DATA LISTING:
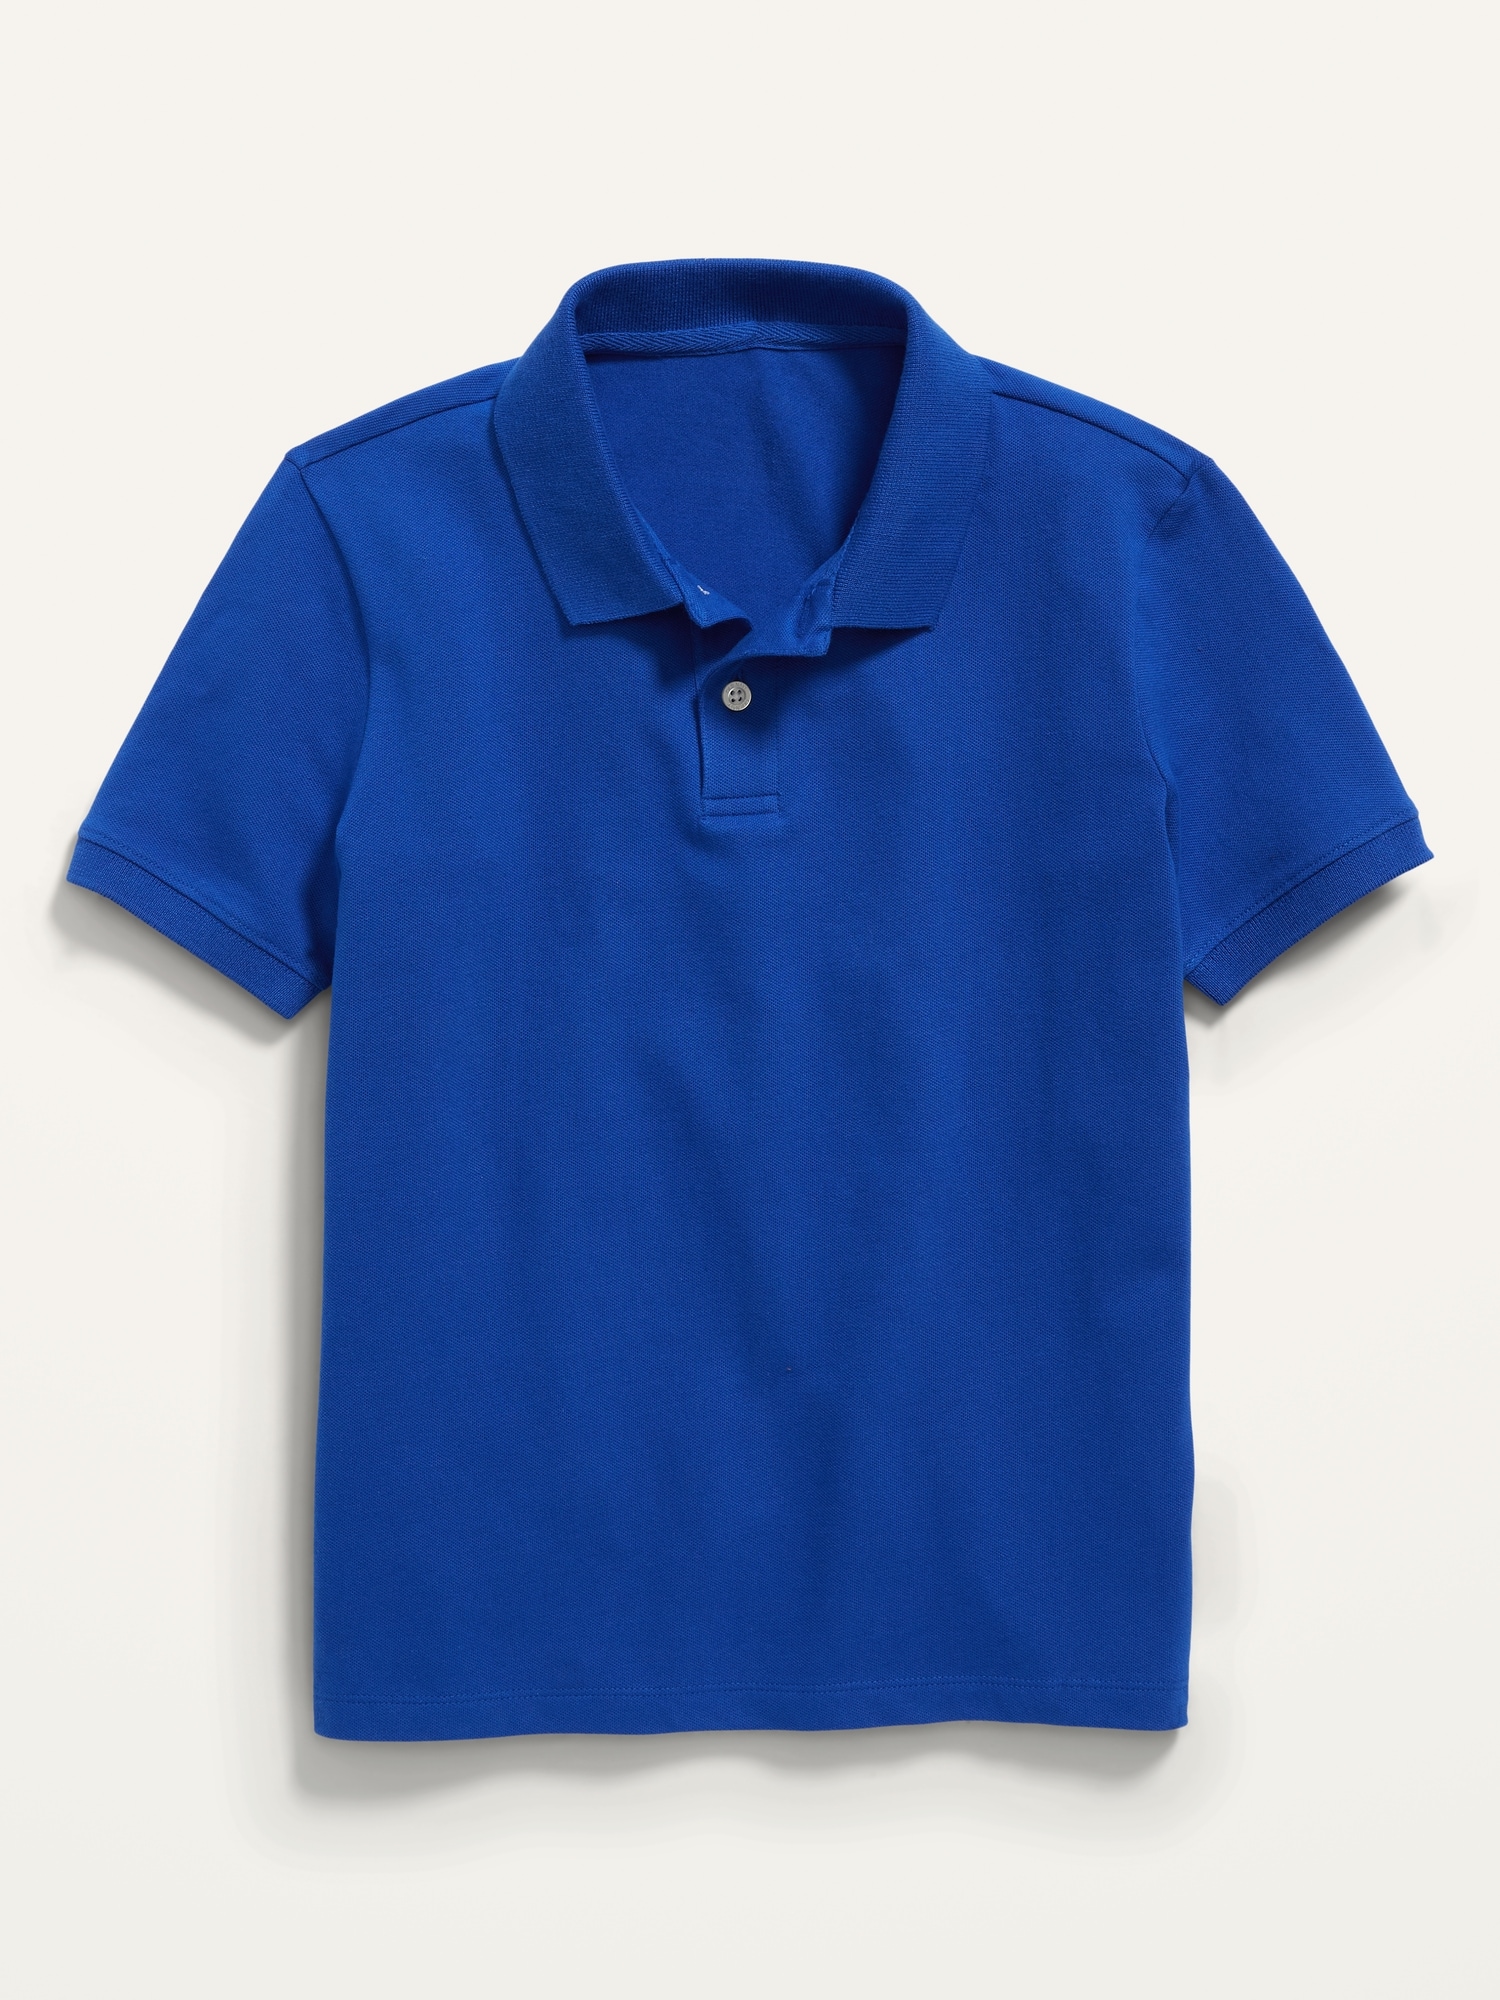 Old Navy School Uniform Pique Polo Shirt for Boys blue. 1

--

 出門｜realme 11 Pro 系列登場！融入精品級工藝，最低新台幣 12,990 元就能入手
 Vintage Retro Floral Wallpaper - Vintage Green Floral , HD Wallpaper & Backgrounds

PROBLEM TO SOLVE: Please give back exactly the lines of this listing beginning at the line with "出門｜realme 11 Pro" and ending with the line with "Vintage Retro Floral", both included, and nothing else.

RESPONSE BOX:
 出門｜realme 11 Pro 系列登場！融入精品級工藝，最低新台幣 12,990 元就能入手
 Vintage Retro Floral Wallpaper - Vintage Green Floral , HD Wallpaper & Backgrounds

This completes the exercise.